▶ **Problem to solve**: Restate word for word the lines below that run from the one holding "راقصة إيغورية (تصوير واتشارين سيتاكودان)" through the one holding "Otima Plastic Salad Bowl with Lid 12L", inclusive. Pictures don't belong in the copy.

▶ **Input**:
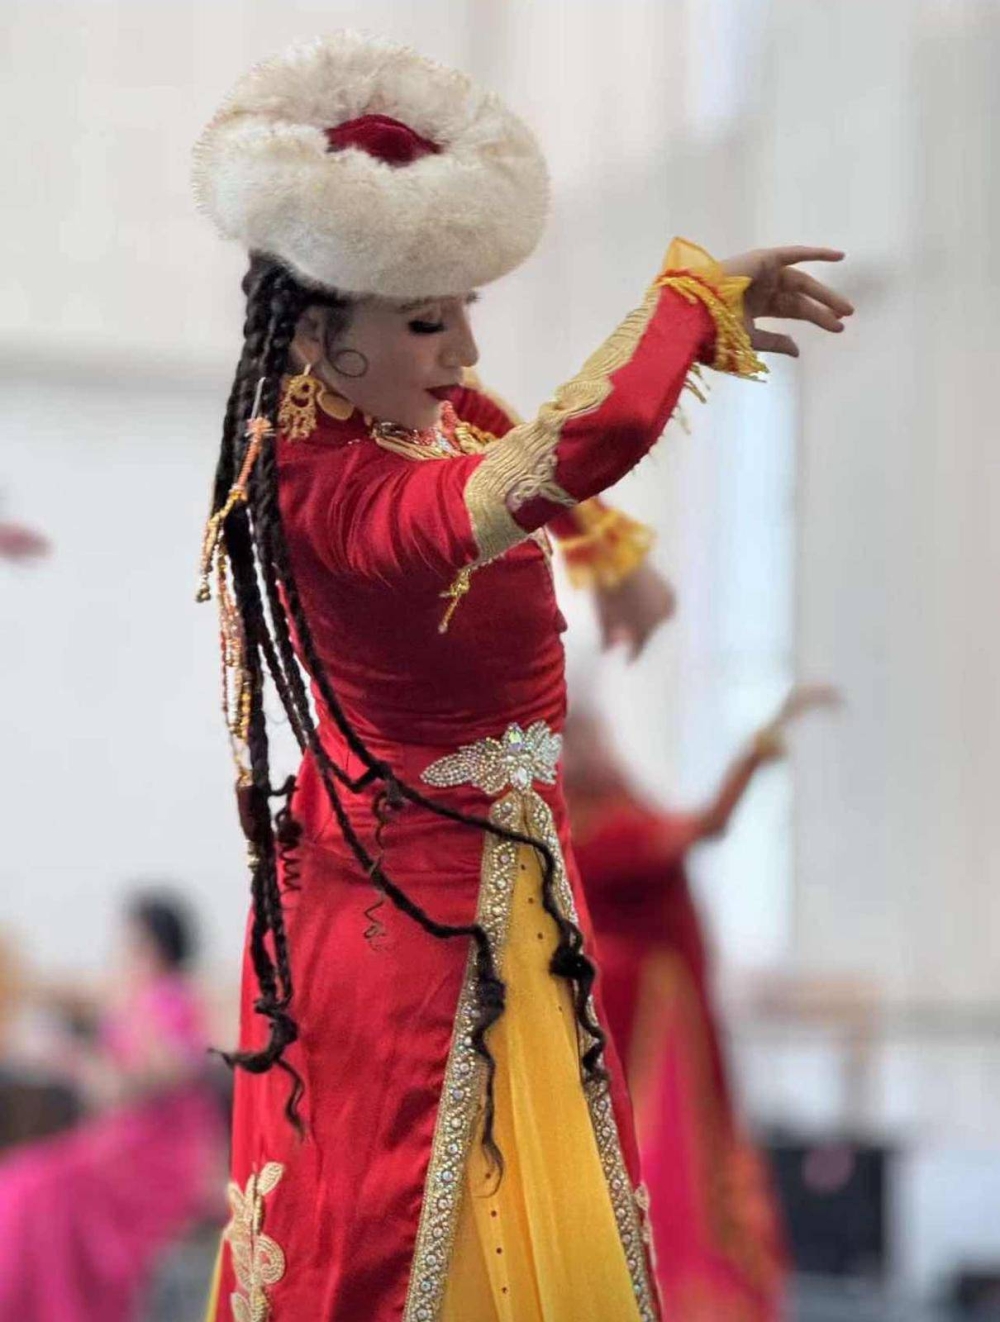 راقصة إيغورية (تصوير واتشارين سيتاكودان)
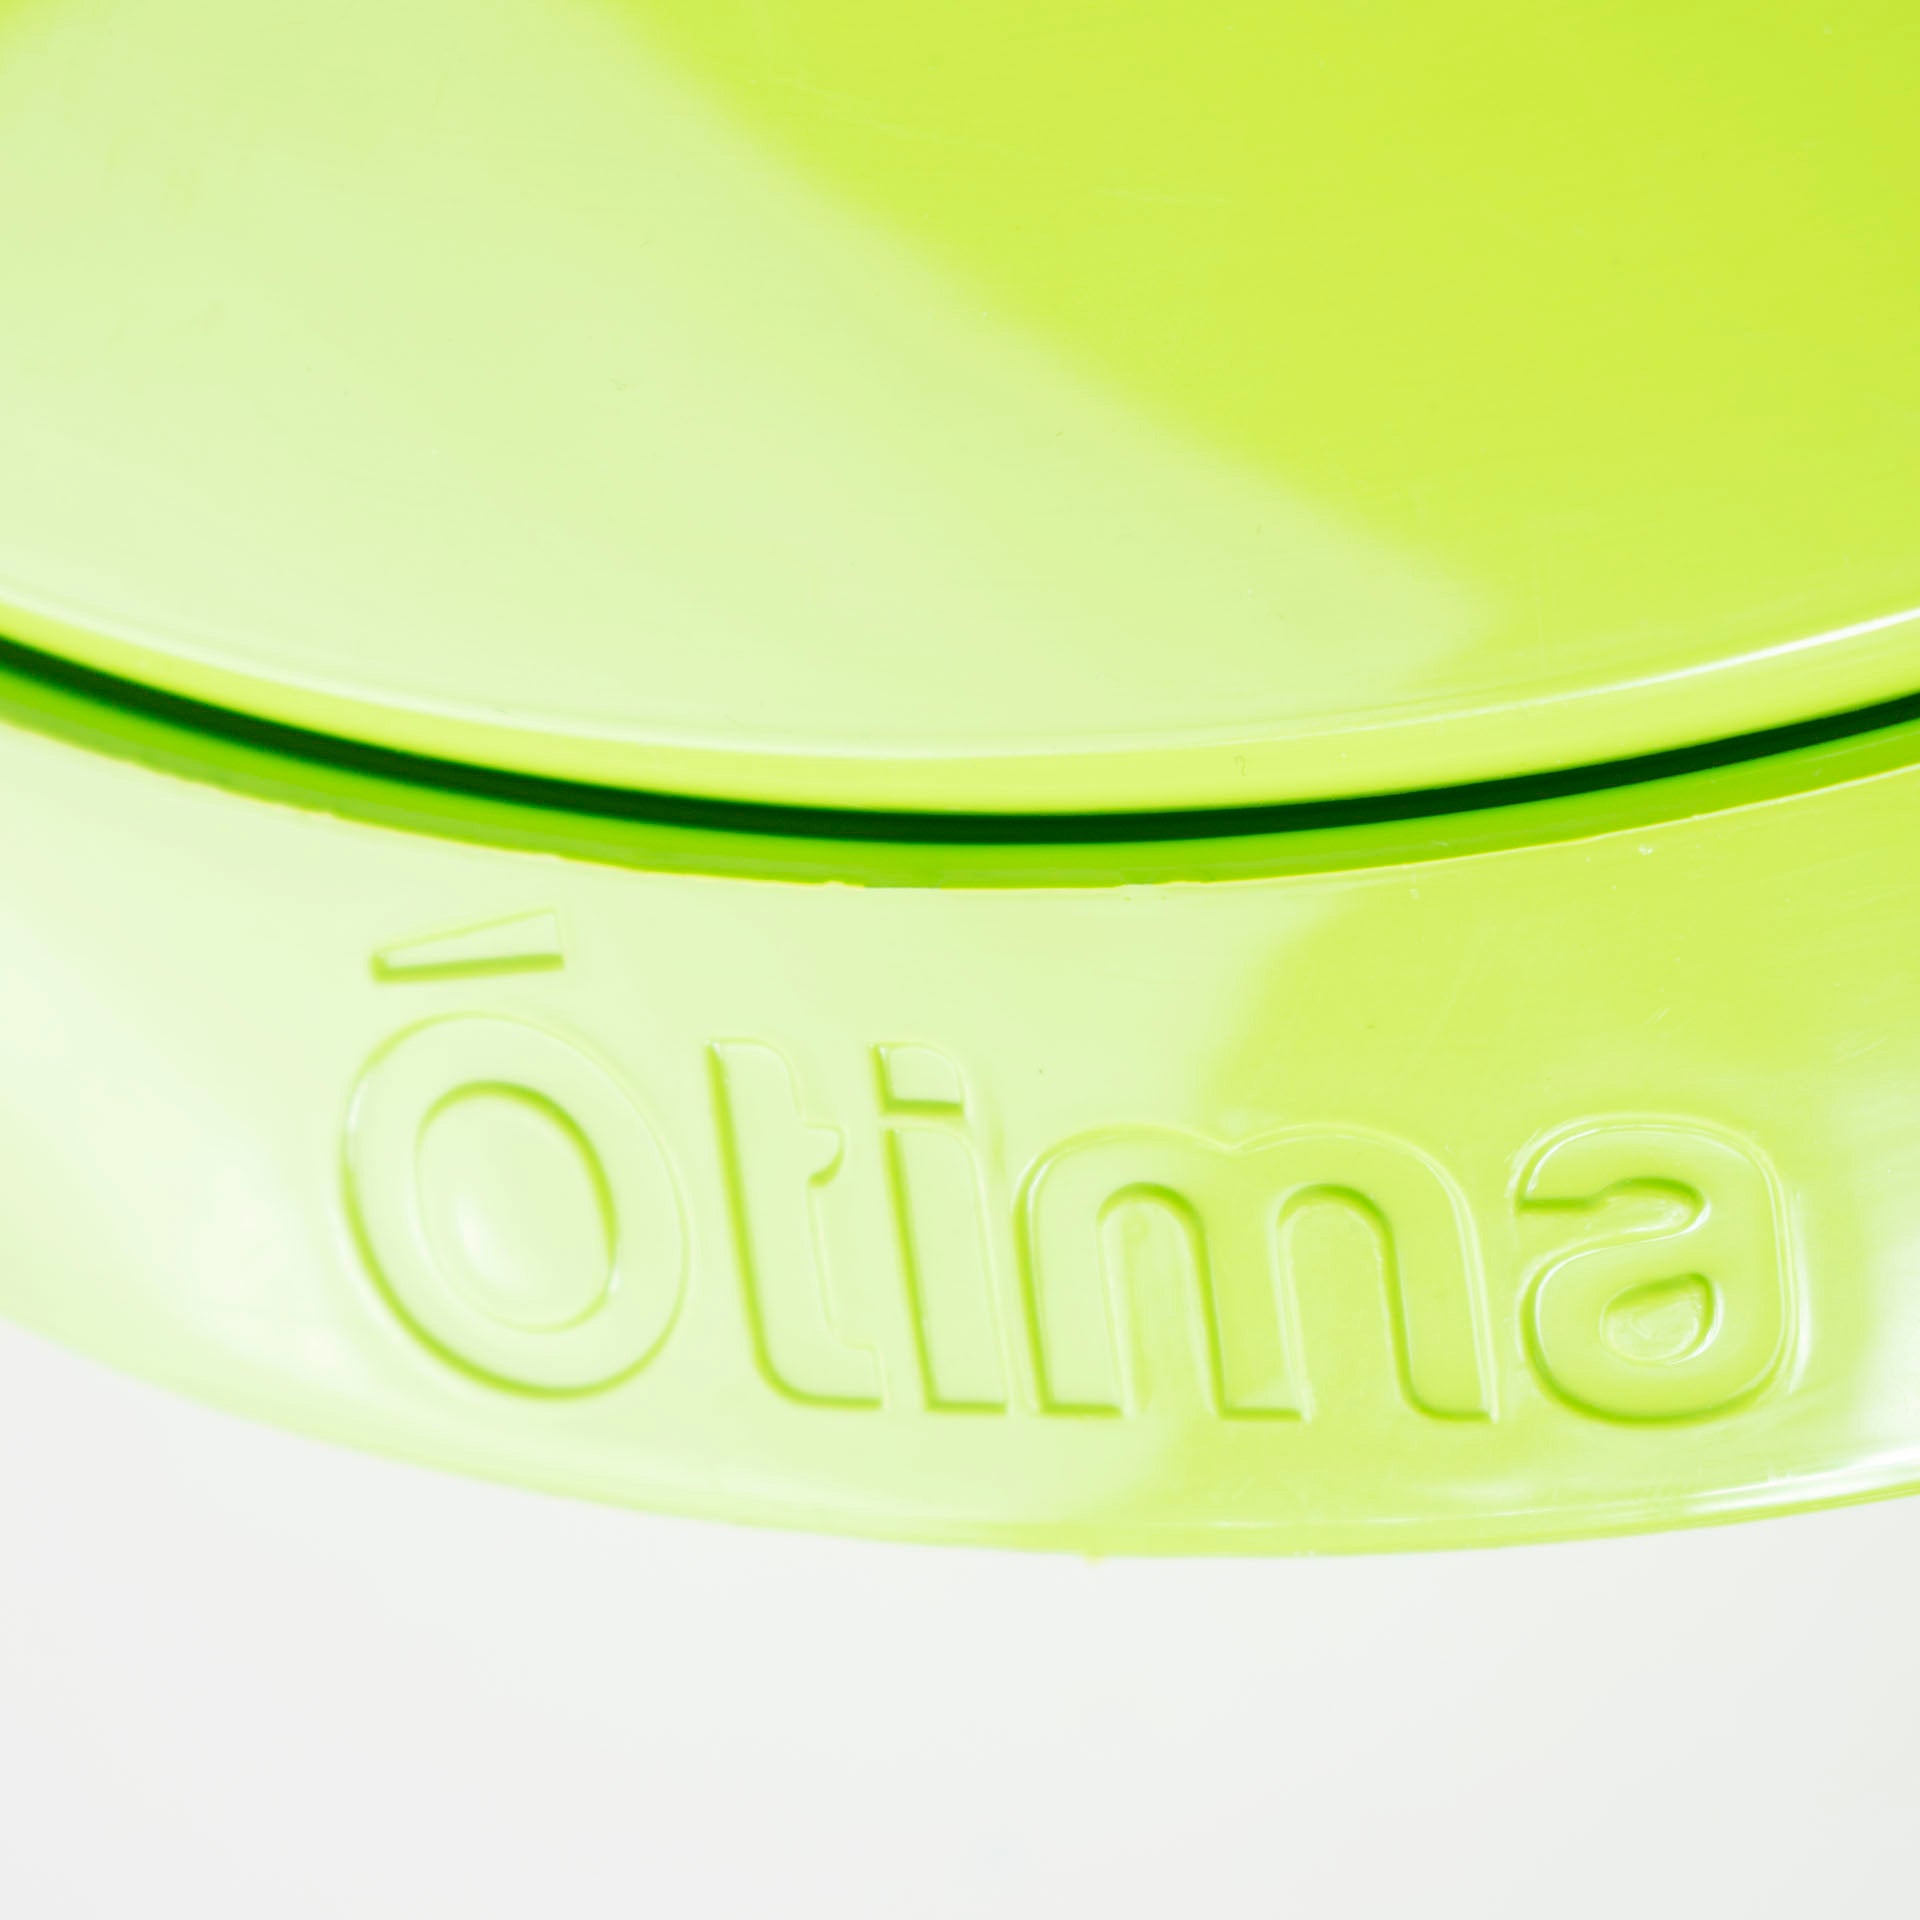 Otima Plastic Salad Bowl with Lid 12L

---

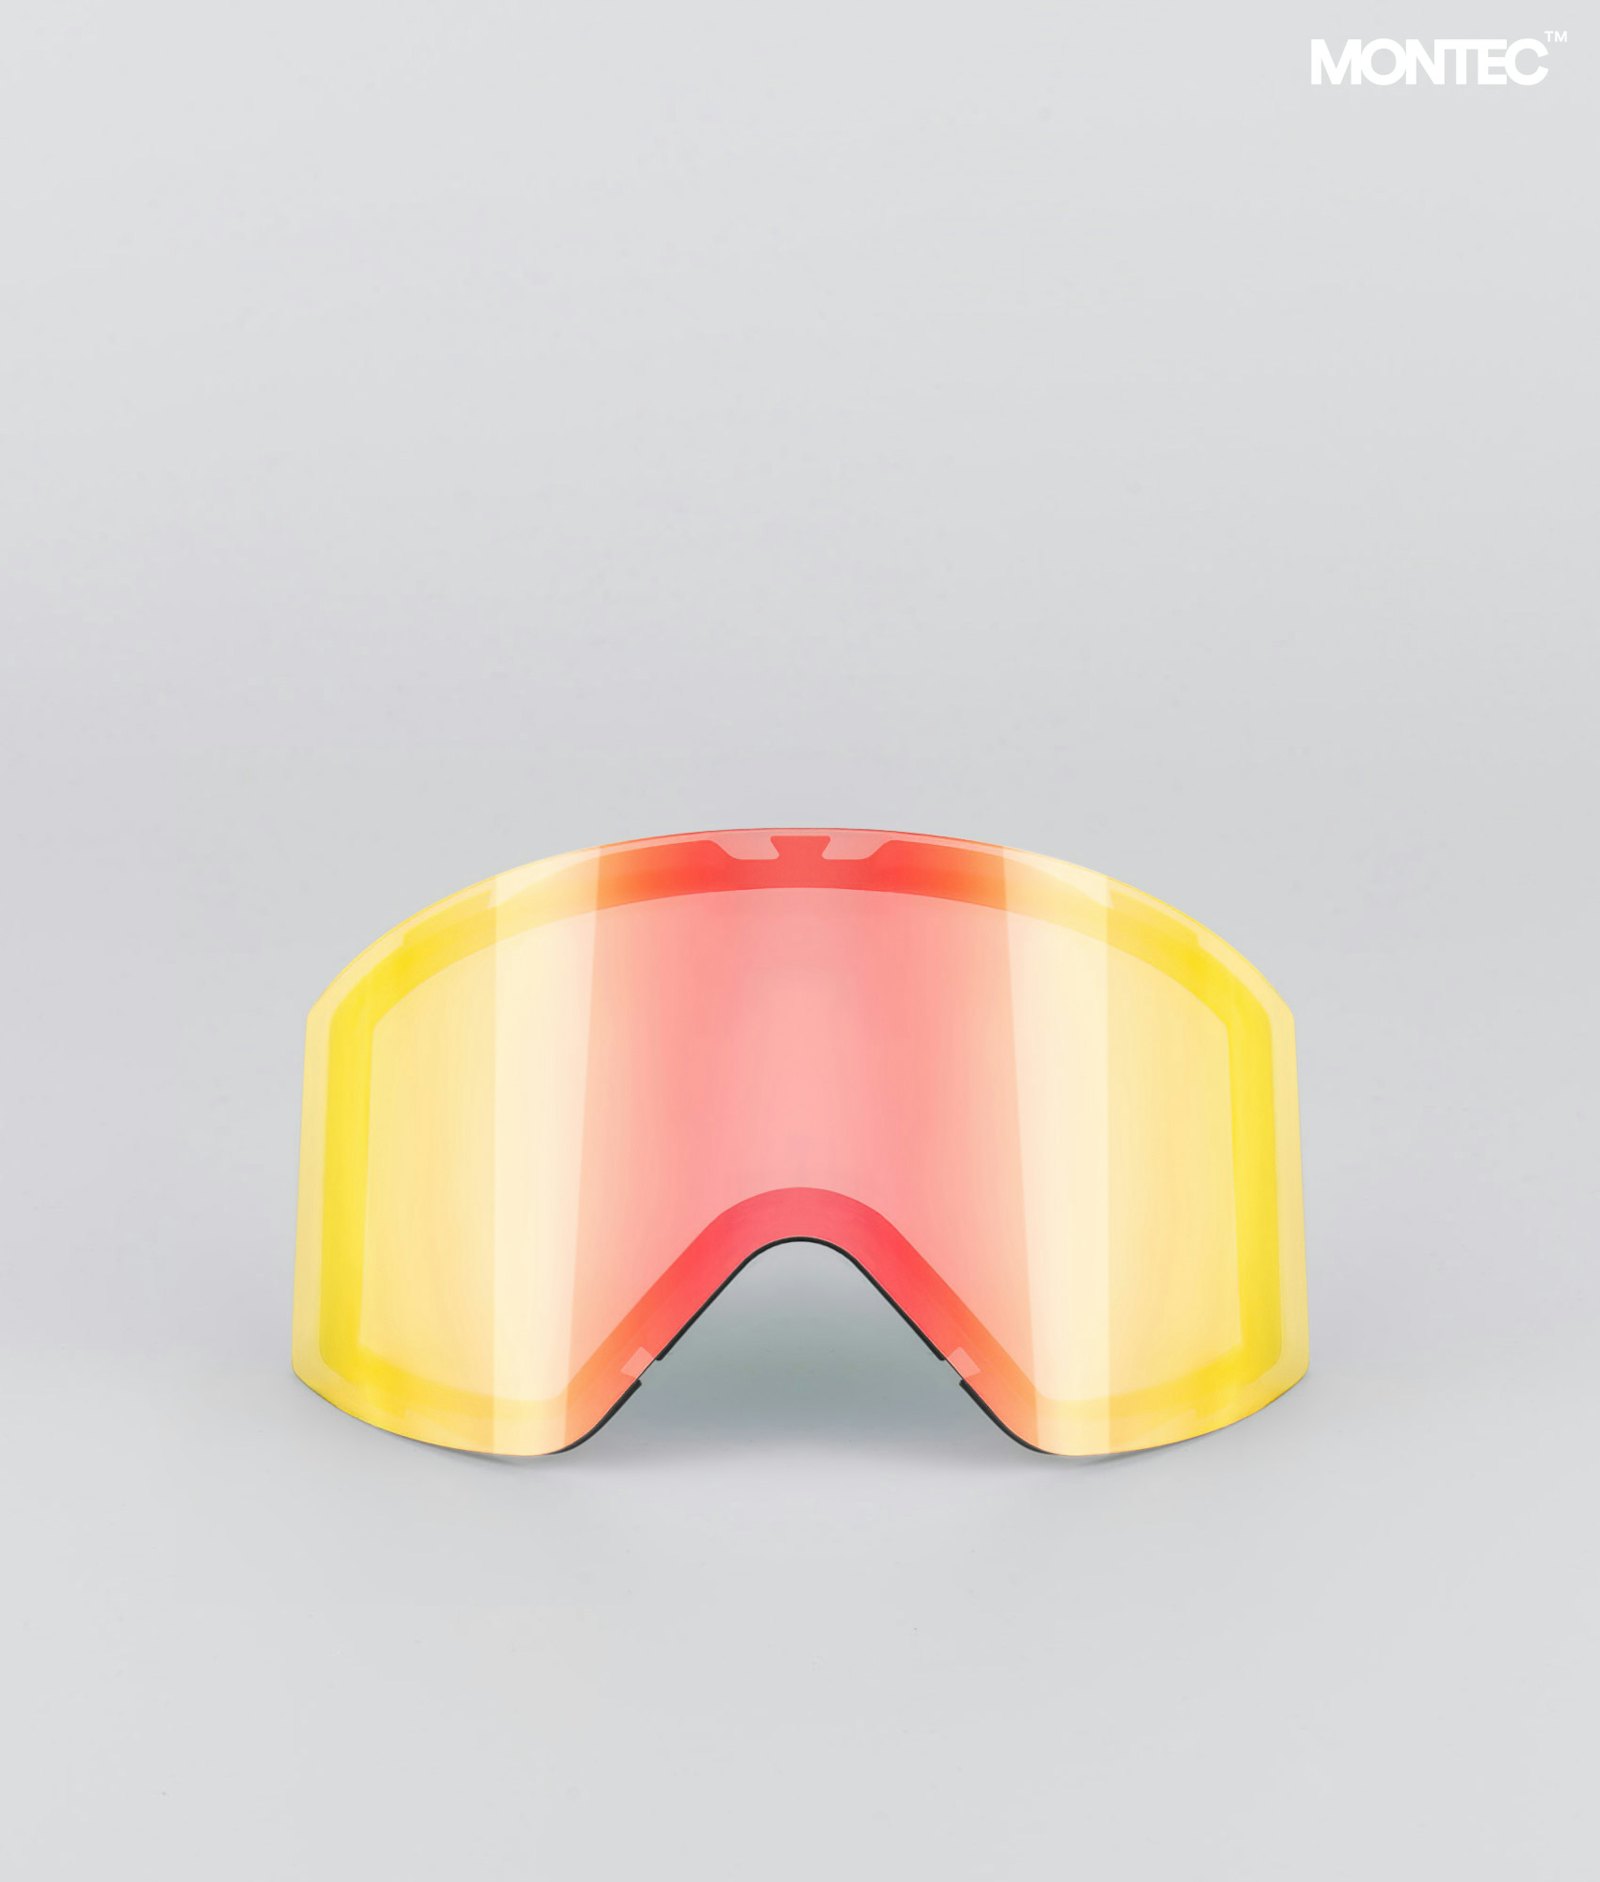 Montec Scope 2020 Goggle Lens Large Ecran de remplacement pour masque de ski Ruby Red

▶ **Answer section**:
 راقصة إيغورية (تصوير واتشارين سيتاكودان)
 Otima Plastic Salad Bowl with Lid 12L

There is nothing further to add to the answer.